Całą bezsensowność kampanii pisarz ukazuje w przygotowaniu najwyższych generałów do bitwy pod Austerlitz. Tak więc rada wojskowa przed bitwą pod Austerlitz nie przypomina rady, ale pokaz próżności, wszystkie spory nie były prowadzone w celu osiągnięcia lepszego i poprawnego rozwiązania, ale, jak pisze Tołstoj, „… było oczywiste że cel… sprzeciwów polegał głównie na pragnieniu, aby generał Weyrother poczuł, równie pewny siebie jak uczniowie, którzy czytają jego dyspozycję, że ma do czynienia nie tylko z głupcami, ale z ludźmi, którzy mogliby go nauczyć spraw wojskowych.
A przecież główną przyczynę zwycięstw i porażek wojsk rosyjskich w konfrontacji z Napoleonem dostrzegamy porównując Austerlitz i Borodin. Rozmawiając z Pierre'em o zbliżającej się bitwie pod Borodino, Andrei Bolkonsky wspomina przyczynę porażki pod Austerlitz: "Bitwę wygrywa ten, kto zdecydowanie zdecydował się ją wygrać. Dlaczego przegraliśmy bitwę pod Austerlitz? .. Powiedzieliśmy sobie bardzo wcześnie, że przegraliśmy bitwę i przegraliśmy I powiedzieliśmy to, ponieważ nie mieliśmy powodu do walki: chcieliśmy jak najszybciej opuścić pole bitwy. „Przegraliśmy - no to uciekaj!” Uciekaliśmy. Gdybyśmy nie powiedzieli to przed wieczorem, Bóg wie, co by się stało. A jutro tego nie powiemy”. L. Tołstoj pokazuje istotną różnicę między dwiema kampaniami: 1805-1807 i 1812. Losy Rosji rozstrzygnęły się na polu Borodino. Tutaj naród rosyjski nie miał chęci ratowania się, nie był obojętny na to, co się dzieje. Tutaj, jak mówi Lermontow, „i obiecaliśmy umrzeć i dotrzymaliśmy przysięgi wierności w bitwie pod Borodino”.

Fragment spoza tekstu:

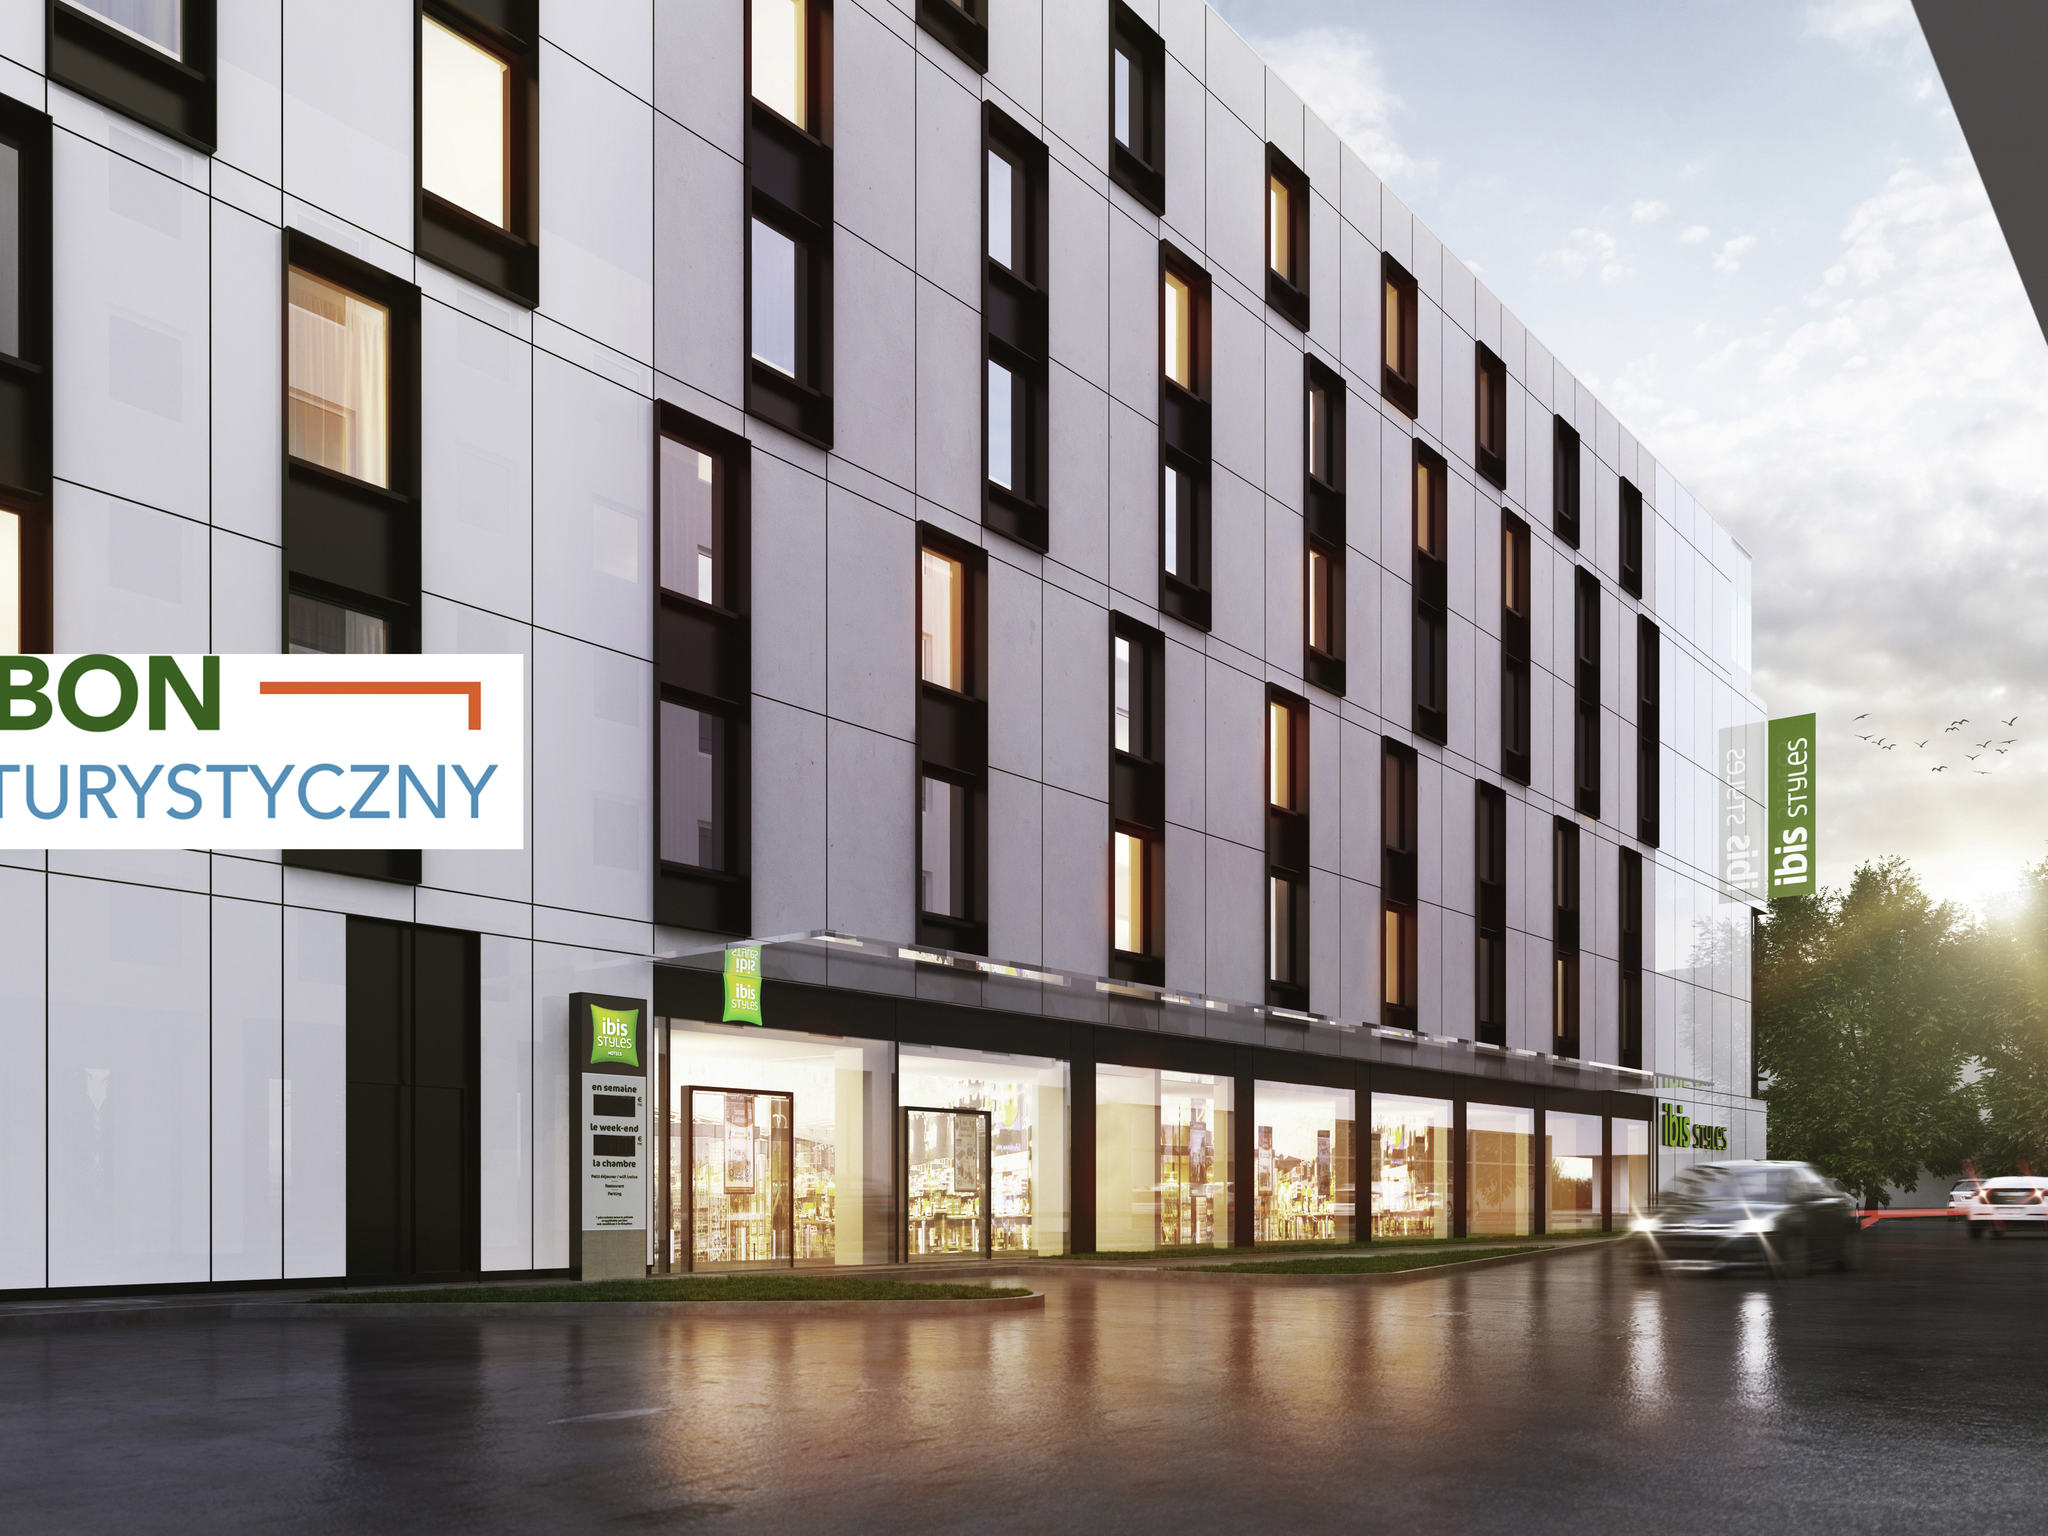 Hotel – ibis Styles Warszawa Centrum (apertura novembre 2018)

Inną okazją do spekulacji na temat tego, jak zwycięstwo w jednej bitwie może zamienić się w klęskę w wojnie, jest wynik bitwy pod Borodino, w której wojska rosyjskie odniosły moralne zwycięstwo nad Francuzami. Moralna klęska wojsk Napoleona pod Moskwą jest początkiem klęski jego armii.
Wojna domowa okazała się tak znaczącym wydarzeniem w historii Rosji, że nie mogło nie znaleźć odzwierciedlenia w fikcji. Podstawą rozumowania absolwentów może być „Don historie”, „Cichy Don” MA Szołochow.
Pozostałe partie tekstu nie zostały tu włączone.